Original comment by tfmorris on 12 Jan 2011 at 7:22

GoogleCodeExporter commented 9 years ago
This is a very important feature for fixing common types of messy data.  For 
example, I have a 10000 record file where the dates have been input in 
different orders yy/mm/dd, dd/mm/yy, yyyy/mm/dd and dd/mm/yyyy (and sometimes 
noise), because different people entered the data.  I only have natural row 
ordering to help me out. In order to tell if 03/12/01 is March 12 or December 
1st, I would look at the previous row to see what the 4 digit year was, and 
make a decision on that.

This could be implemented as a modification of "Fill Down" that takes a GREL 
expression. 

Original comment by TeamP...@gmail.com on 16 Jun 2011 at 11:43

GoogleCodeExporter commented 9 years ago
Typing out Comment 5 gave me an idea:  If I know the month is always in the 
middle of a date format, I can use that to my advantage.
By matching out the 2 digit (yy/mm/dd and dd/mm/yy) versions as v[0],v[1], v[2] 
==> whenever v[0] == v[2] we know the year, and can convert it to a 4 digit 
year!

From this I was able to establish a sufficient number of known good 4 digit 
years.  Then I created a new column called "LastGoodDate", based on the 
existence of 4 digit years, and used the fill down option on that new column.

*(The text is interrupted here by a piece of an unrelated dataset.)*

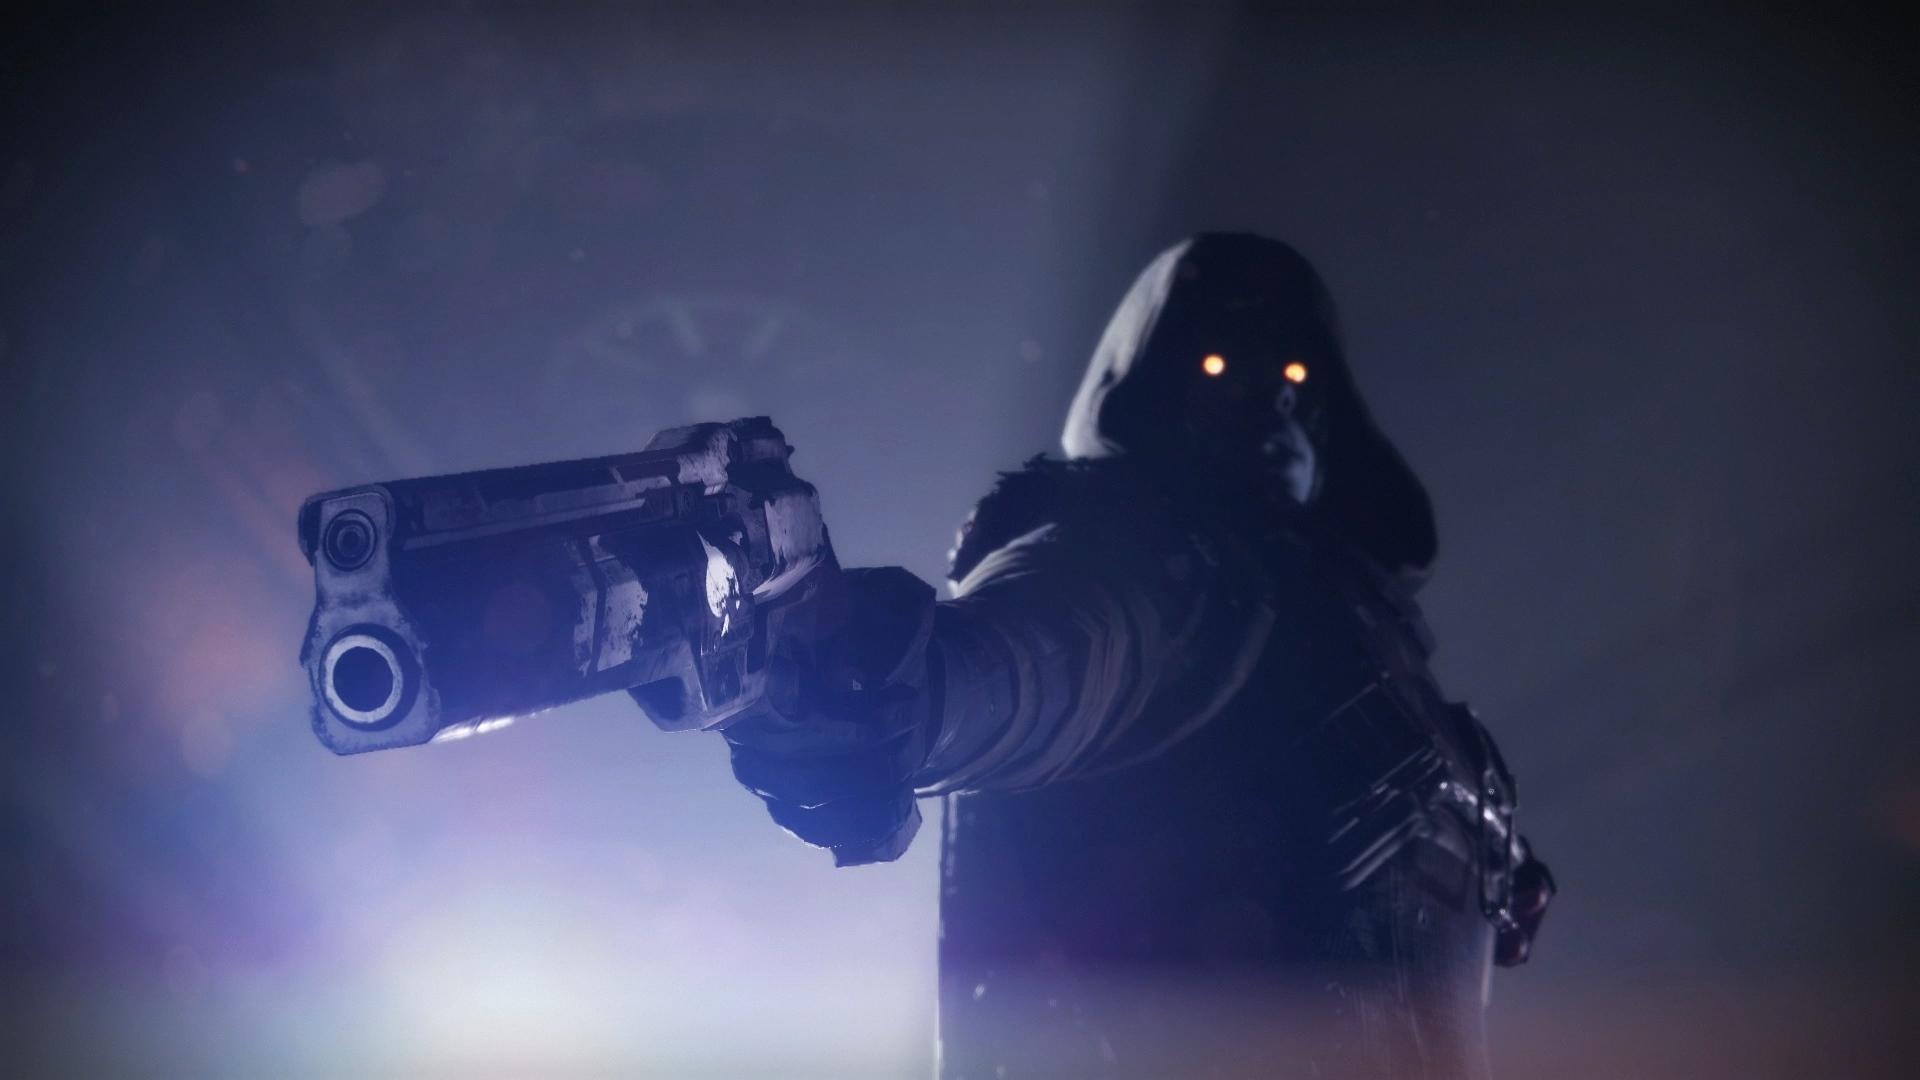 Destiny 2: Forsaken - Digital Deluxe Edition

Now when I use a facet to display the remaining 2 digit versions, I have a 
reference to the last known good date that preceded it.  I can exploit the 
natural ordering to better predict which part is the day versus the year.

There are still more complex types of data where referencing a previous row is 
necessary to clean it up, I think I just lucked out this time.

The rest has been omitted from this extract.